The Biden administration on Thursday unveiled its new Reconnecting Communities pilot program, an effort that aims — as its name suggests — to “reconnect communities that were previously cut off from economic opportunities by transportation infrastructure,” per a statement. 


What You Need To Know

  • The Biden administration on Thursday unveiled its new Reconnecting Communities pilot program, an effort that aims –to “reconnect communities that were previously cut off from economic opportunities by transportation infrastructure"

  • Transportation Secretary Pete Buttigieg is set to join Rep. Terri Sewell and other local leaders in Birmingham, Alabama on Thursday to preview the program and to highlight the city’s upcoming rapid transit service Birmingham Xpress

  • The Reconnecting Communities funds will be made available for a wide variety of infrastructure projects that are ready to launch, as well as others still in the research and planning stages

  • Among the application criteria will be a focus on equity and environmental justice, which “speaks to the extent that the applicant has robust community engagement and a plan or assessment of the harm or inequities,” officials said in part

The program, which will be administered through the Department of Transportation, will award $195 million in grants this year, $50 million of which will be reserved for communities still in the planning stages of their transportation connectivity projects. In total, the program will allocate $1 billion for plans and projects over the course of the next five years.

"Transportation can connect us to jobs, services, and loved ones, but we've also seen countless cases around the country where a piece of infrastructure cuts off a neighborhood or a community because of how it was built," transportation secretary Pete Buttigieg wrote in a statement. "Using funds from President Biden's Bipartisan Infrastructure Law, we are proud to announce the launch of Reconnecting Communities: the first-ever dedicated federal initiative to unify neighborhoods living with the impacts of past infrastructure choices that divided them."

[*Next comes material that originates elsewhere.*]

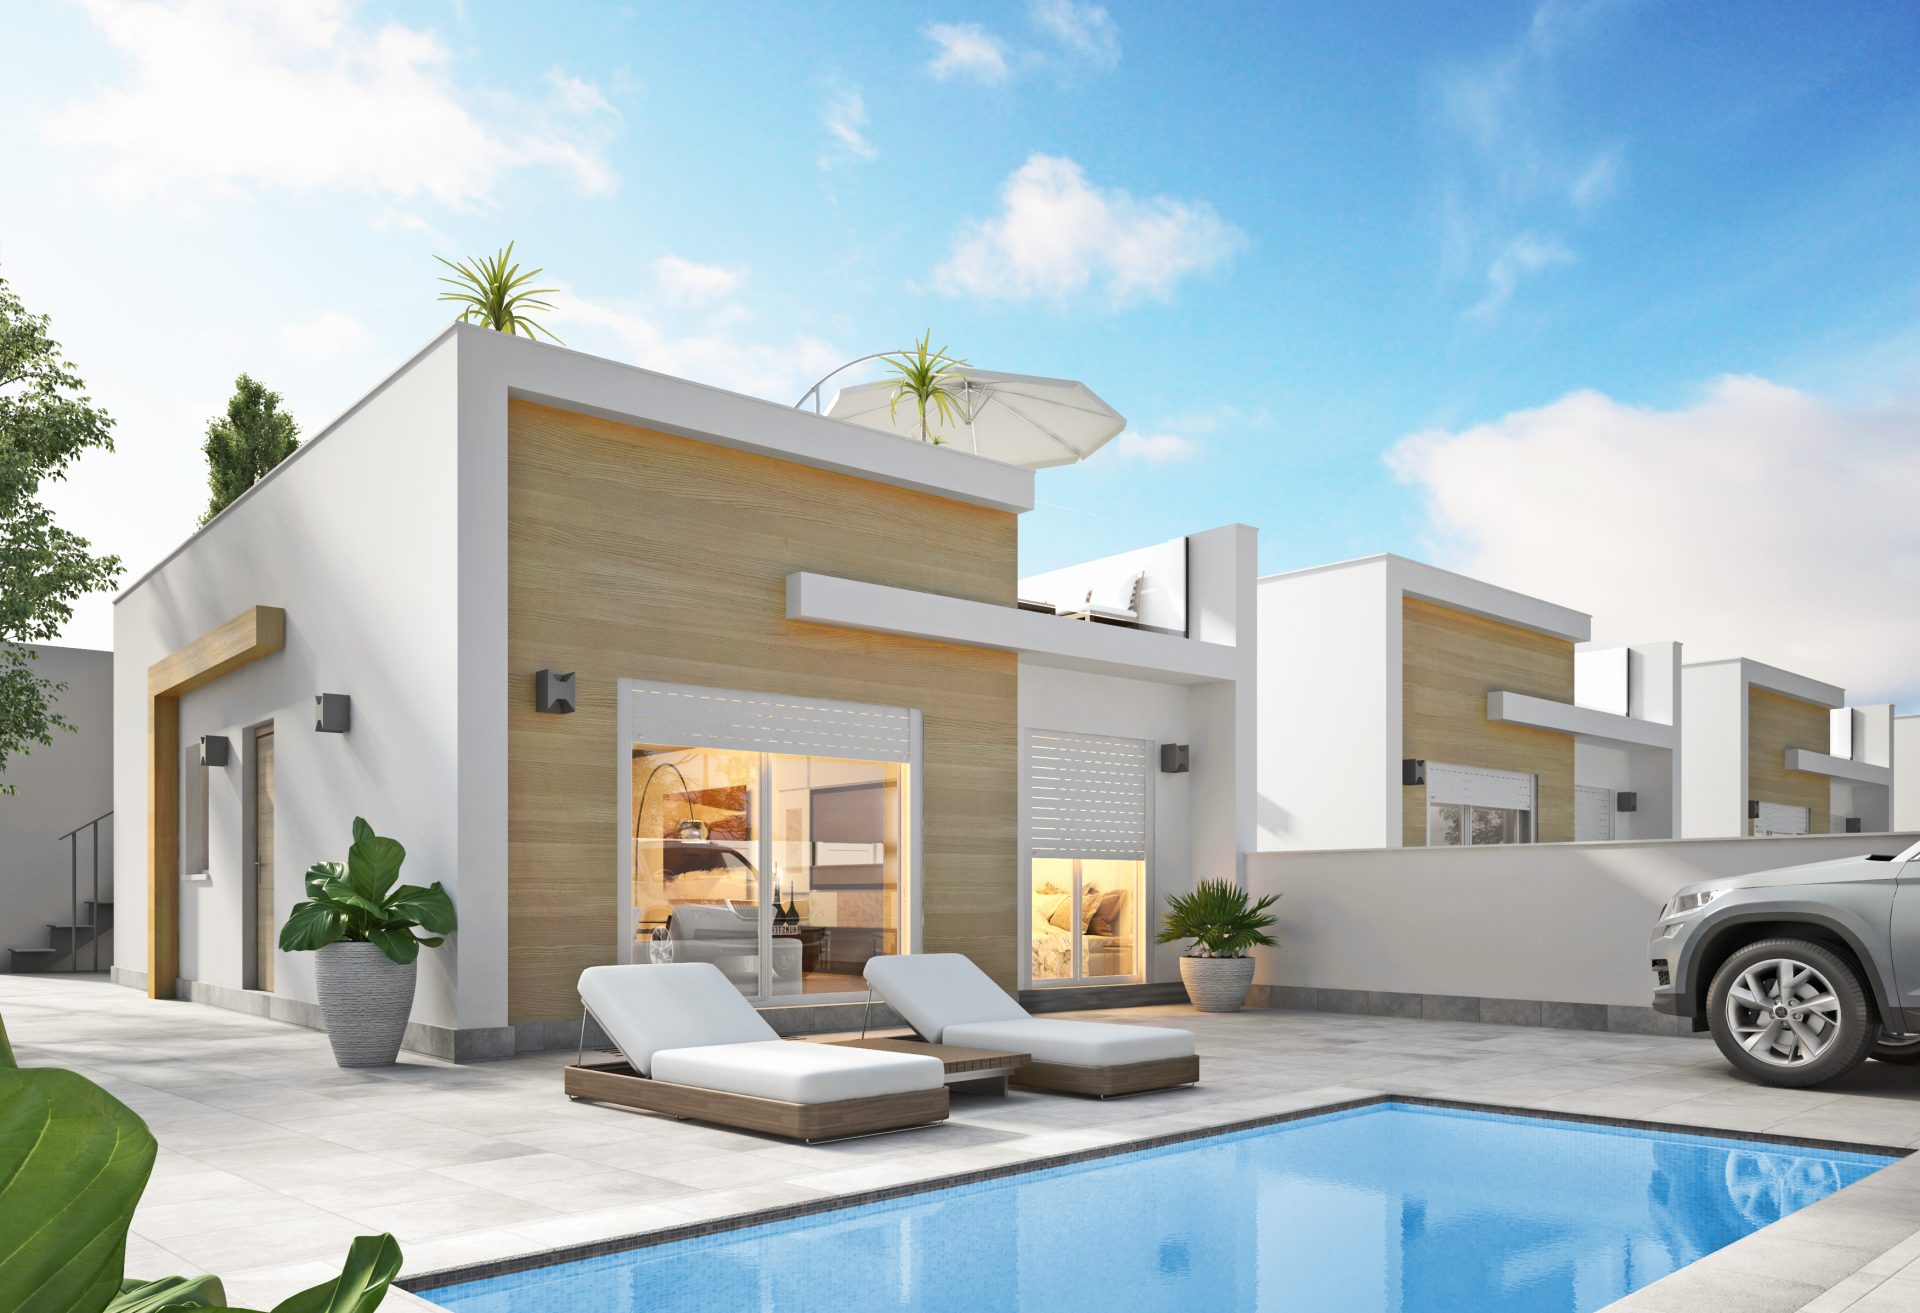 3 Bedroom Villa with Private Pool in Avileses Phase 2

Buttigieg joined Rep. Terri Sewell, D-Ala., and other local leaders in Birmingham, Alabama, on Thursday to preview the program and to highlight the city’s upcoming rapid transit service Birmingham Xpress, which will connect over two dozen communities in the state to jobs, schools and healthcare. 

Birmingham Xpress will connect 25 neighborhoods that are "bifurcated by a number of highways," officials said, making transportation all the more difficult for city residents. 

Sewell shared a series of tweets showcasing the secretary's visit to Birmingham, writing the new rapid transit service is a "great example of a program that is helping to connect our communities."

 

"This is about ensuring that people can live where they want to live more affordably while accessing the jobs, schools, & services our city has to offer!" Sewell added. 

Close to half of Birmingham’s population lives within one-half mile of planned stations along the new 15-mile bus corridor. City leaders say that will open up access around I-65, which cuts through the city’s Black neighborhoods, providing connections to jobs in the corridor as well as the University of Alabama at Birmingham and other schools.

“Transportation can connect us to jobs, services and loved ones, but we’ve also seen countless cases around the country where a piece of infrastructure cuts off a neighborhood or a community because of how it was built,” Buttigieg said during Thursday's visit. 

“We can’t ignore the basic truth: that some of the planners and politicians behind those projects built them directly through the heart of vibrant populated communities,” he added. “Sometimes as an effort to reinforce segregation. Sometimes because the people there have less power to resist. And sometimes as part of a direct effort to replace or eliminate Black neighborhoods.”

The Reconnecting Communities funds will be made available for a wide variety of infrastructure projects that are ready to launch. Those so-called Capital Construction Grants will help “carry out a project to remove, retrofit, mitigate, or replace an existing eligible facility with a new facility that reconnects communities,” DOT wrote in a release. The minimum request threshold for a construction grant will be $5 million. 

“These projects can take a lot of different forms,” Buttigieg told reporters. “It could mean constructing a public greenway that allows people to walk, bike and access public transit, [like] in St. Louis. It can mean connecting parts of the city that were disconnected through a new asset like the bus rapid transit line.

“What all these different projects or visions have in common is empowering communities to innovate and prepare for the future,” he added. “They provide people with better opportunities, better connections to jobs, and they let people live in safer and healthier, thriving places.” 

The maximum amount available for planning grants under the program will be $2 million, officials noted, adding those programs can “entail anything from community engagement and visioning to studies that can look at traffic patterns to documenting local history and environmental and transportation and justices in communities where the planning work and community engagement has been completed.” 

Among the application criteria will be a focus on equity and environmental justice, which “speaks to the extent that the applicant has robust community engagement and a plan or assessment of the harm or inequities,” officials said in part. 

Officials will also assess mobility and community connectivity, community-based stewardship and the potential for equitable development and shared prosperity. 

Applications for the grants must be submitted by 11:59 p.m. EDT on Oct. 13, 2022.  

The Associated Press contributed to this report.